Children who struggle to focus in class should be given 'prescription video games'

Children who struggle to focus in class should be given 'prescription video games'

Adam Gazzaley, a neuroscientist at the University of California, said that concentrated doses of gaming can improve memory and multi-tasking and should be used by schools to assist children with attention-deficit disorders, The Telegraph wrote.

He added that ‘first person shooter’ games, such as Call of Duty, have been shown to have a ‘benefit on high cognitive abilities’ including focusing for long periods and multi-tasking.

His calls come on the back of years of research, including a study coauthored by Dr. Gazzaley in 2016, which found that children enrolled onto a training program comprised of 25 online cognitive exercises exhibited significant improvements in focus.

 

However, his claims are likely to divide opinion in the education sector, amid growing concern that excessive exposure to the Internet and television could be contributing to children being diagnosed with attention deficit–hyperactivity disorder (ADHD).

Speaking at an education technology summit in Salt Lake City, he said: “Now some of you might be thinking, and this is just a popular notion of video games, that they’re just another manifestation of human mania — the enduring human quality of just going after something relentlessly, after pointless goals.

“But even consumer level video games...the most controversial due to their high levels of violent content, the first person shooters, have been shown to have a benefit on high cognitive abilities — attention, working memory, task-switching — in the young people that play them.

“Whether you take them and compare them to people who don’t play them, or compare them to naive young people and have them play these games, you see the effects.”

 

Gazzaley, whose 2008 video game, NeuroRacer, may soon be used to treat types of  brain such as Alzheimer's in the US, added that certain games can improve the ‘brain’s plasticity’ — its ability to repair and improve under certain conditions.

“If these [games] could be used to improve the functions of the brain, both as an alternative approach to education as well as a clinical approach to medicine, we could really make a big difference,” he continued.

“What you should be getting is a personalized prescription, whether it be educationally or medically, which is specifically targeted at you depending on how you are presented on day one, and which gradually develop and change with you over time.
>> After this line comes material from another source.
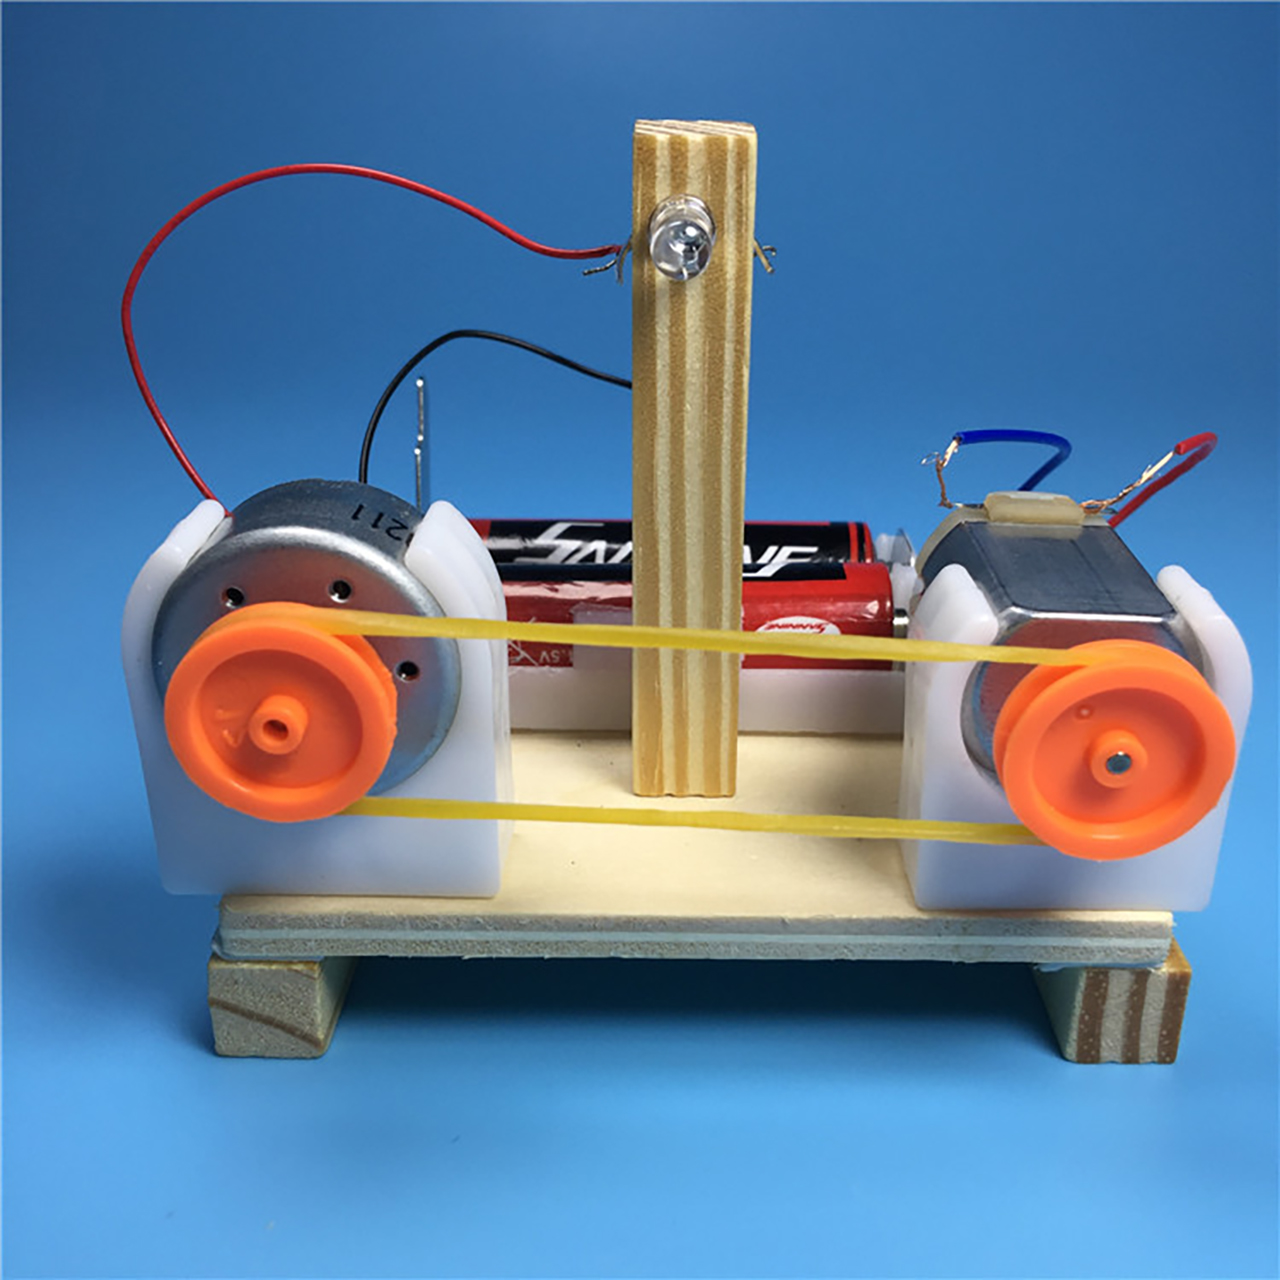 Đồ chơi trẻ em S06 thông minh sáng tạo STEM (STEAM) mô hình lắp ráp máy chuyển đổi năng lượng bằng gỗ

“Using this technology we could create very powerful targeted experiences, and experiences are the gateway to the brain’s plasticity. You’re playing a game...that leads to performance metrics, which can be recorded by the game engine in real time.

“We can use this to give real time feedback and to give rewards. We could take new technology and use motion capture...psychological recordings. You could feed all this data into the game engine. We could use virtual and augmented reality to create more real world, more immersive experiences.

“What we wind up with is a truly integrated, multi-modal, close-looped system. This is the future of using technology to create these powerful targeted and adaptive tools to help improve brain function, for people who are healthy and those that are impaired.”

However, his claims are disputed by other academics, who believe that children suffering from ADHD and similar disorders are more vulnerable to becoming addicted to video games and other forms of entertainment technology.

Among them are Dr. Philip A Chan and Professor Terry Rabinowitz, whose analysis of video games concluded that adolescents who spend lengthy periods using the Internet or playing games are more likely to suffer from reduced attention spans.